▶ **Given data**:
■ ■ ■ ■ ■

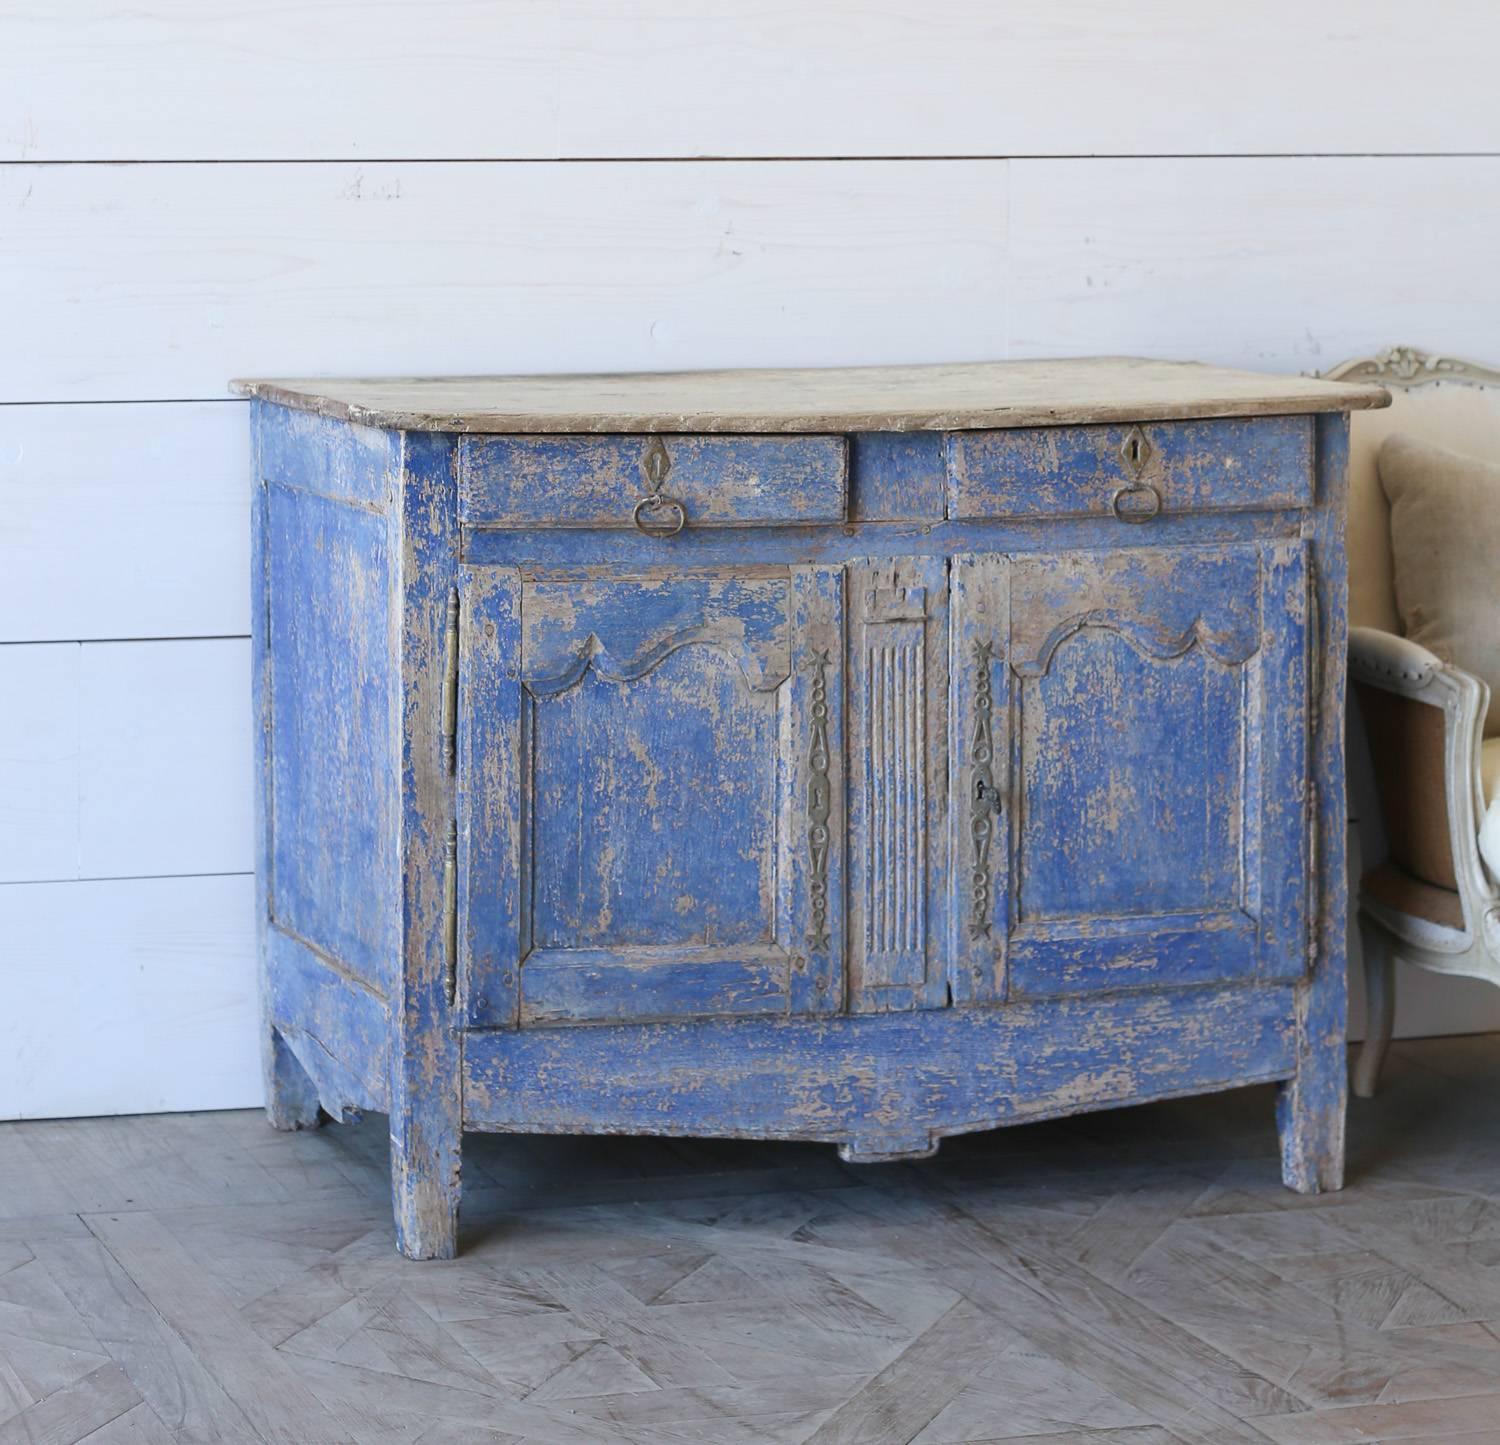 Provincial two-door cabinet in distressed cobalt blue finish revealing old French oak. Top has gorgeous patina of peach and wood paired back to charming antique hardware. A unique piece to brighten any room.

■ ■ ■ ■ ■

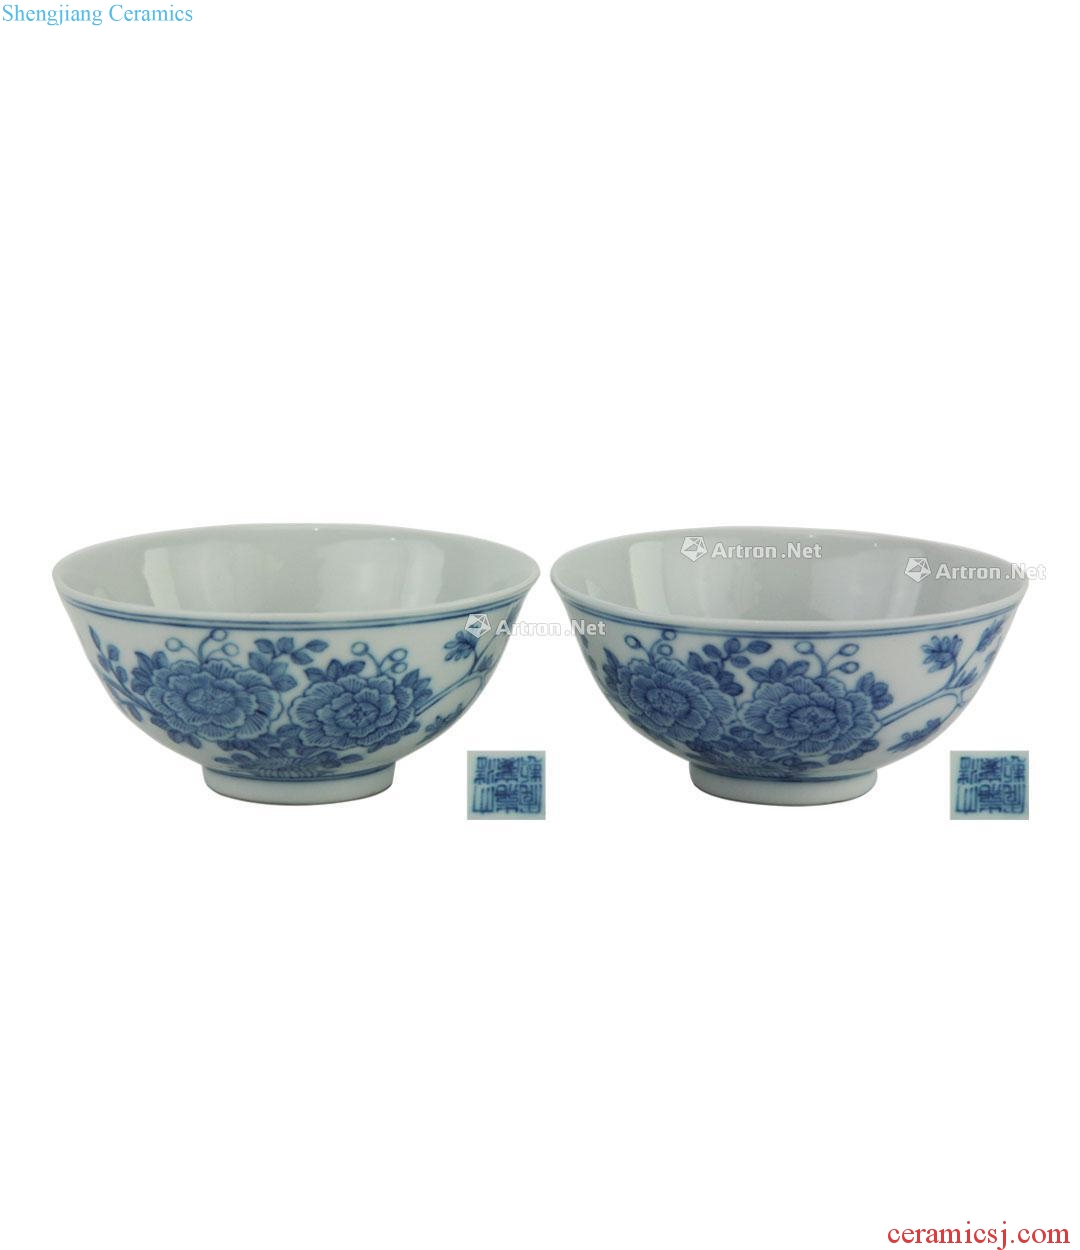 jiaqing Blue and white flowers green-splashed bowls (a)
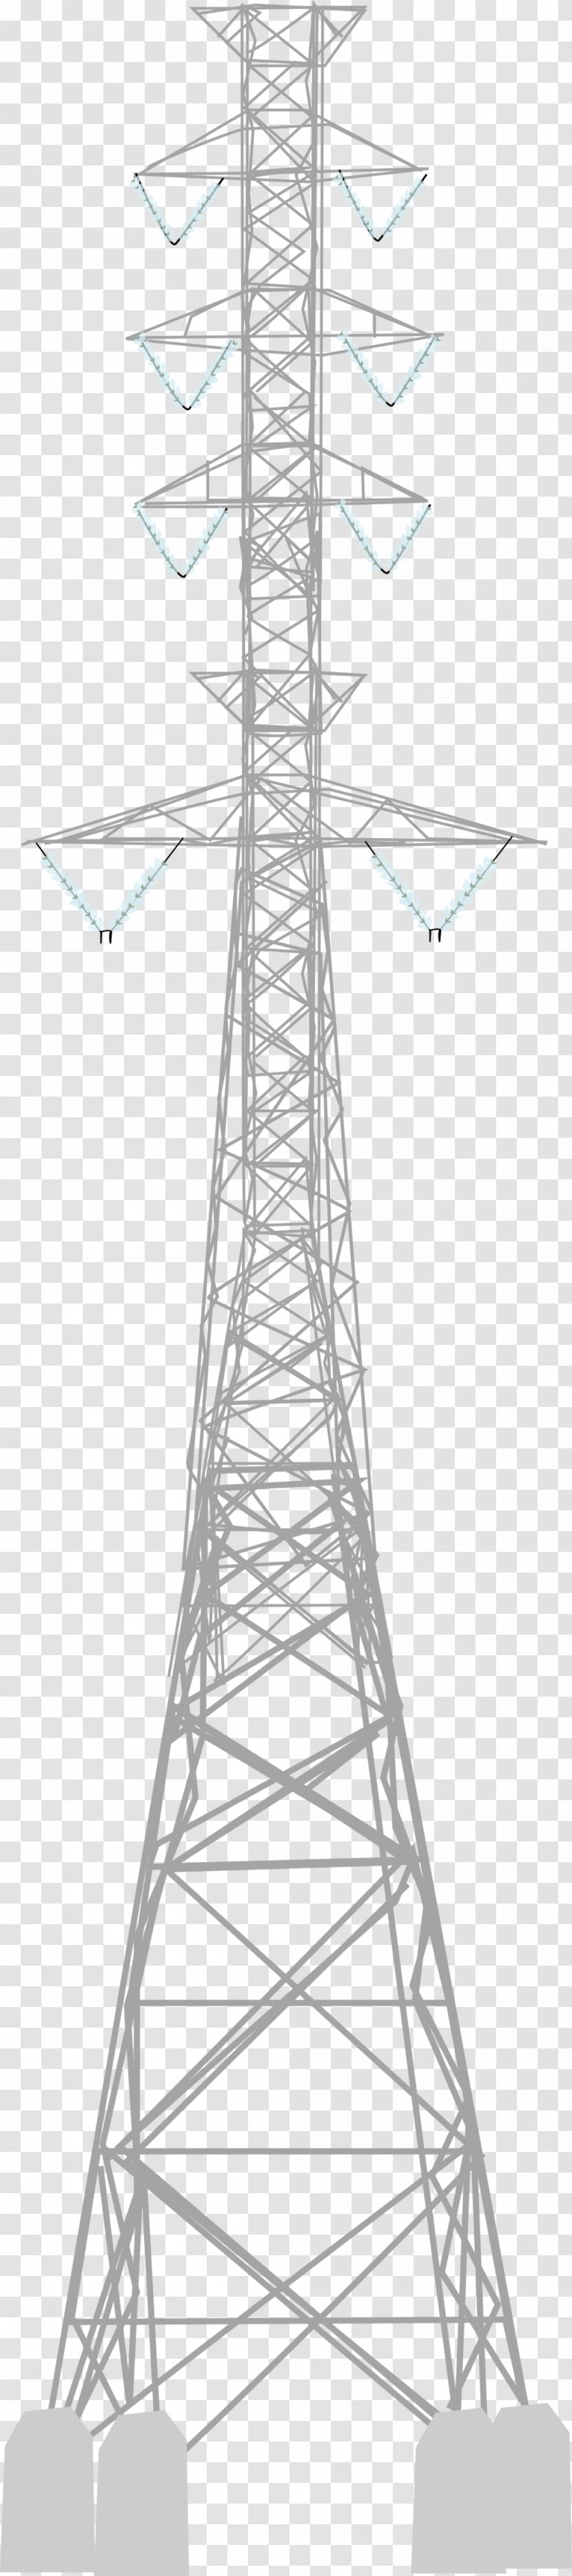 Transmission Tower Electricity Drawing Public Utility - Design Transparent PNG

■ ■ ■ ■ ■

Reproduce exactly, with no pictures, the lines above from the one holding "jiaqing Blue and" to the one holding "Transmission Tower Electricity", inclusive.

 jiaqing Blue and white flowers green-splashed bowls (a)
 Transmission Tower Electricity Drawing Public Utility - Design Transparent PNG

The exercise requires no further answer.